When he's playing cards with his friends and they start talking about sex, Andy tries to join in. But when he compares the feel of a woman's breast to "a bag of sand", it becomes obvious he's still a virgin, and his buddies set out to hook him up with a woman.
The 40-Year-Old Virgin was acclaimed by critics and did reasonably well at the box office. And it was on this film that the Apatow romcom formula began to emerge. Geeky, neurotic men would pursue shrewish and seemingly unattainable females against a backdrop of penis jokes and humour based on bodily functions. It was part Woody Allen, part Adam Sandler, but it felt new and original – and it worked.
His next film as director, Knocked Up, was harder hitting. Katherine Heigl played Alison Scott, a workaholic TV producer who becomes pregnant after a one-night-stand with a pot-smoking slacker.

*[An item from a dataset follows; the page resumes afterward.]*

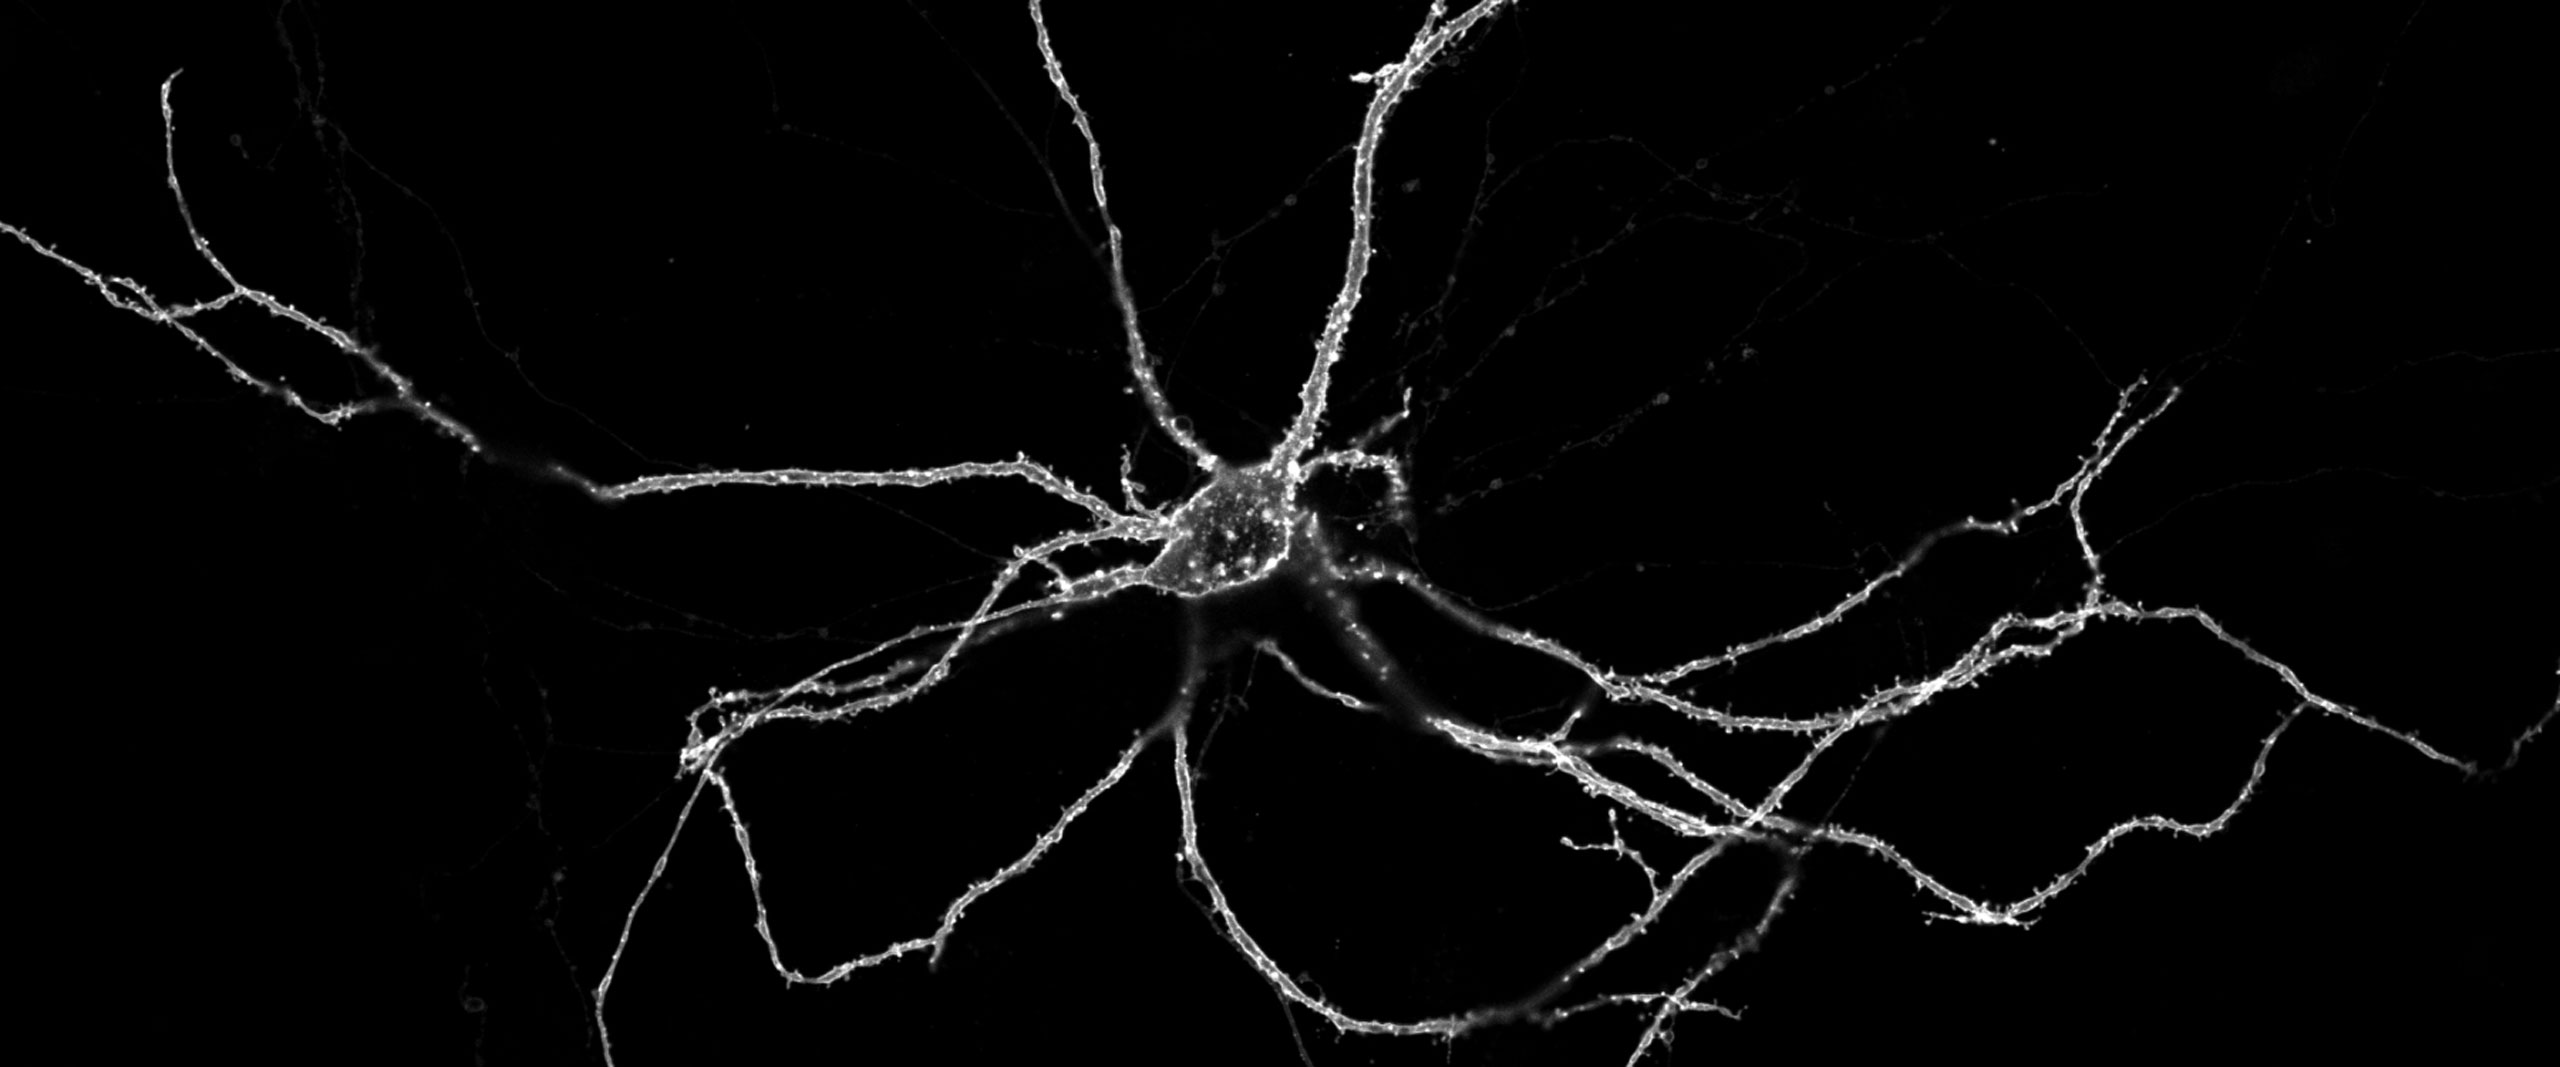 Neurone: „Lichterkette“ zeigt Erregungsweiterleitung an

The film made more than $200m (€150m) at the box office – a huge return for a comedy. And while some critics loved it, others complained about the crudity. Apatow was unrepentant. "America fears the penis," he has said, "and that's something I'm going to help them get over."
After Knocked Up, his name began popping up all over the place. Between 2007 and 2010 he produced a string of hit comedies, from Superbad and Forgetting Sarah Marshall to Bridesmaids, Get Him To The Greek and Step Brothers. And though he neither wrote nor directed any of those, the Apatow tone was very evident.
His rise has been remarkable, and his comic formula so successful that other writers and filmmakers have done their best to copy it. His protégés Seth Rogen and Jason Segel have become big stars, and Apatow's crude but undeniably funny comedies have caught the pulse of a generation.
His love of crass, sexual references has been constantly criticised, but seems to strike a chord with young Americans. "It's so difficult to shock these days," he says, but as This Is 40 proves, he's clearly going to keep on trying.